Peel's reputation as an important DJ who broke unsigned acts into the mainstream was such that young hopefuls sent him an enormous number of records, CDs, and tapes. When he returned home from a three-week holiday at the end of 1986 there were 173 LPs, 91 12"s and 179 7"s waiting for him. In 1983 Alan Melina and Jeff Chegwin, the music publishers for then-unsigned artist Billy Bragg, drove to the Radio 1 studios with a mushroom biryani and a copy of his record after hearing Peel mention that he was hungry; the subsequent airplay launched Billy Bragg's career.[18]

Studio at Peel Acres

In addition to his Radio 1 show, Peel broadcast as a disc jockey on the BBC World Service, on the British Forces Broadcasting Service (John Peel's Music on BFBS) for 30 years, VPRO Radio3 in the Netherlands, YLE Radio Mafia in Finland, Ö3 in Austria (Nachtexpress), and on Radio 4U, Radio Eins (Peel ...), Radio Bremen (Ritz) and some independent radio stations around FSK Hamburg in Germany. As a result of his BFBS programme he was voted, in Germany, "Top DJ in Europe".
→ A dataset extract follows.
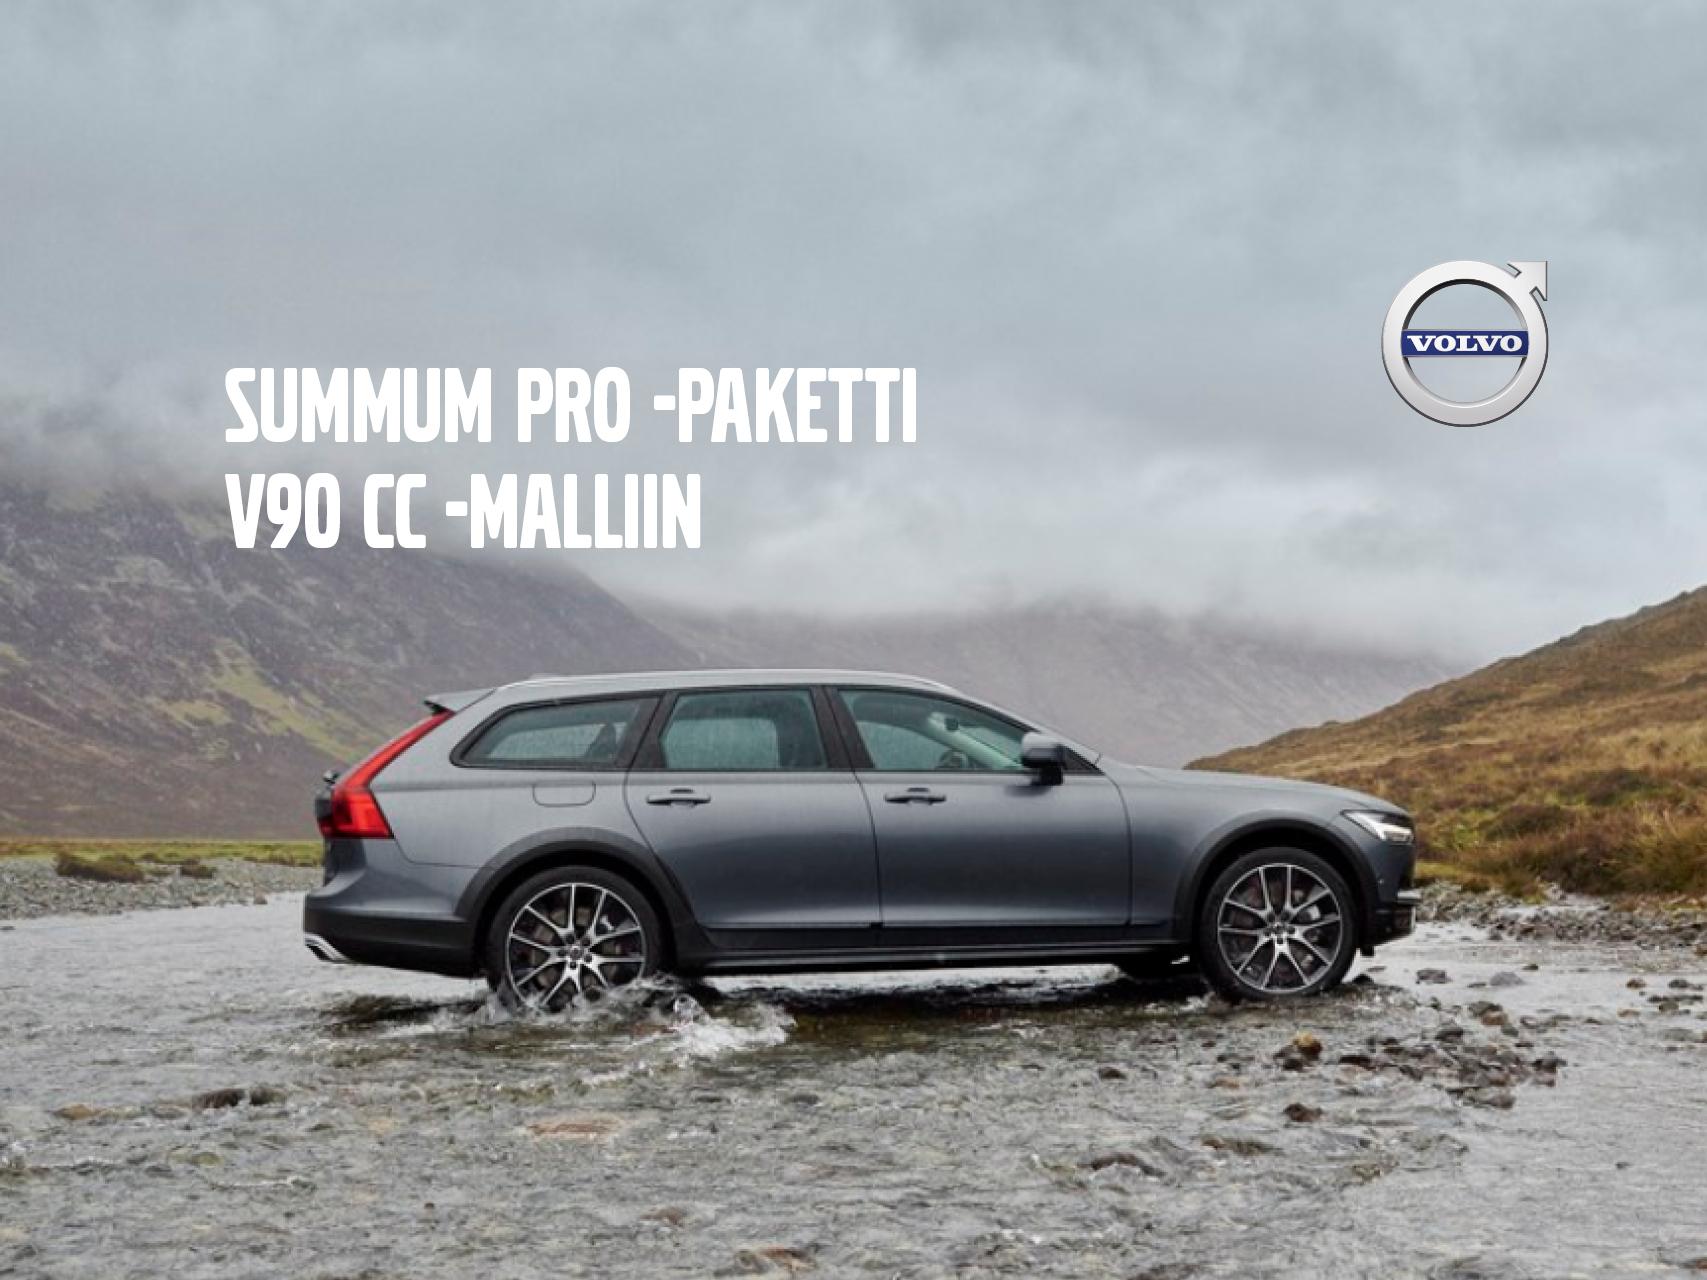 V90 CC: Summum Pro -paketti 1.850 €

Peel was an occasional presenter of Top of the Pops on BBC1 from the late 1960s until the 1990s, and in particular from 1982 to 1987 when he appeared regularly. In 1971 he appeared not as presenter but performer, alongside Rod Stewart and the Faces, pretending to play mandolin on "Maggie May".[19] He often presented the BBC's television coverage of music events, notably the Glastonbury Festival.

Later years

Between 1995 and 1997, Peel presented Offspring, a show about children, on BBC Radio 4. In 1998, Offspring grew into the magazine-style documentary show Home Truths. When he took on the job presenting the programme, which was about everyday life in British families, Peel requested that it be free from celebrities, as he found real-life stories more entertaining. Home Truths was described by occasional stand-in presenter John Walters as being "about people who had fridges called Renfrewshire". Peel also made regular contributions to BBC Two's humorous look at the irritations of modern life Grumpy Old Men. His only appearances in an acting role in film or television were in Harry Enfield's Smashie and Nicey: The End of an Era as John Past Bedtime, and in 1999 as a "grumpy old man who catalogues records" in the film Five Seconds to Spare. However, he had provided narration for others.[20]
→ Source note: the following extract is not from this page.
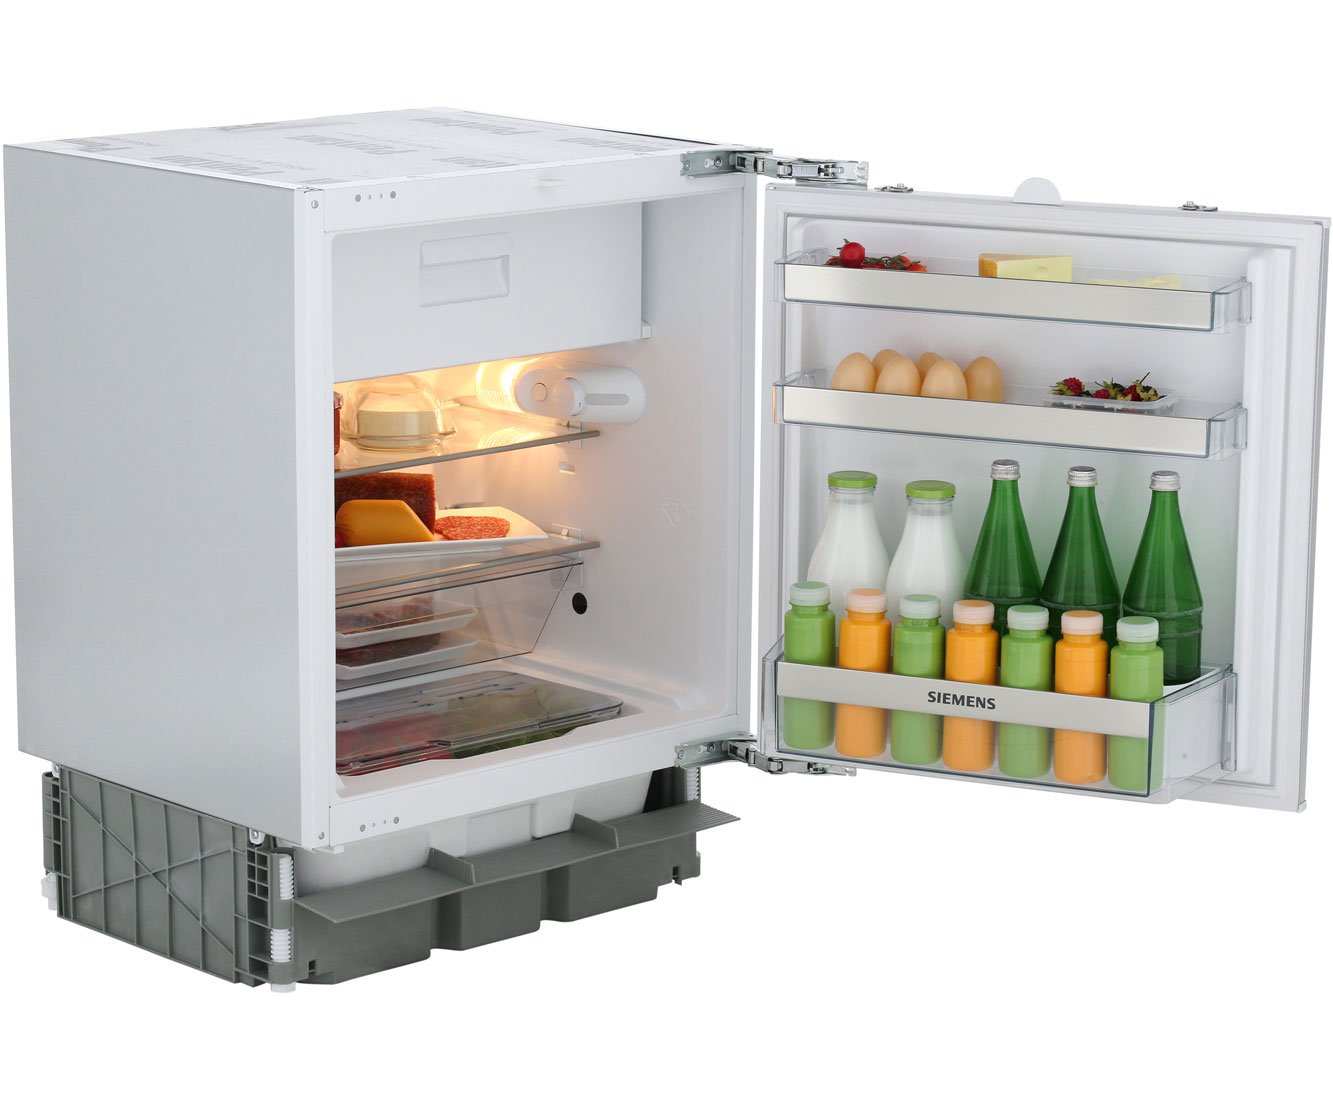 Aeg Kühlschrank Unterbau : Kühlschrank unterbau a preisvergleich u die besten angebote

He appeared as a celebrity guest on a number of TV shows, including This Is Your Life (1996, BBC),[21] Travels With My Camera (1996, Channel 4 TV) and Going Home (2002, ITV TV), and presented the 1997 Channel 4 series Classic Trains.[22] He was also in demand as a voice-over artist for television documentaries, such as BBC One's A Life of Grime.
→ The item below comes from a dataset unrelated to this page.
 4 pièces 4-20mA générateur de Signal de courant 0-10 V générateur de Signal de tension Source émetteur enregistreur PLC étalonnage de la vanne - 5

In April 2003, the publishers Transworld successfully wooed Peel with a package worth £1.5 million for his autobiography, having placed an advert in a national newspaper aimed only at Peel.[23] Unfinished at the time of his death it was completed by Sheila and journalist Ryan Gilbey. It was published in October 2005 under the title Margrave of the Marshes. A collection of Peel's miscellaneous writings, The Olivetti Chronicles, was published in 2008.[24]

Personal life

While residing in Dallas, Texas, in 1965, he married his first wife, Shirley Anne Milburn, then aged 15, in what Peel later described as a "mutual defence pact". The marriage was never happy, and although she accompanied Peel back to Britain in 1967, they were soon separated. The divorce became final in 1973. Milburn later committed suicide.[25]

After separation from his first wife, Peel's personal life began to stabilise, as he found friendship and support from new Top Gear producer John Walters—and from his girlfriend Sheila Gilhooly, whom he identified on-air as "the Pig". Peel married Sheila on 31 August 1974. The reception was in London's Regent's Park, with Walters as best man. Peel wore Liverpool football colours (red) and walked down the aisle to the song "You'll Never Walk Alone". Their sheepdog, Woggle, served as a bridesmaid. Rod Stewart and Graham Chapman attended.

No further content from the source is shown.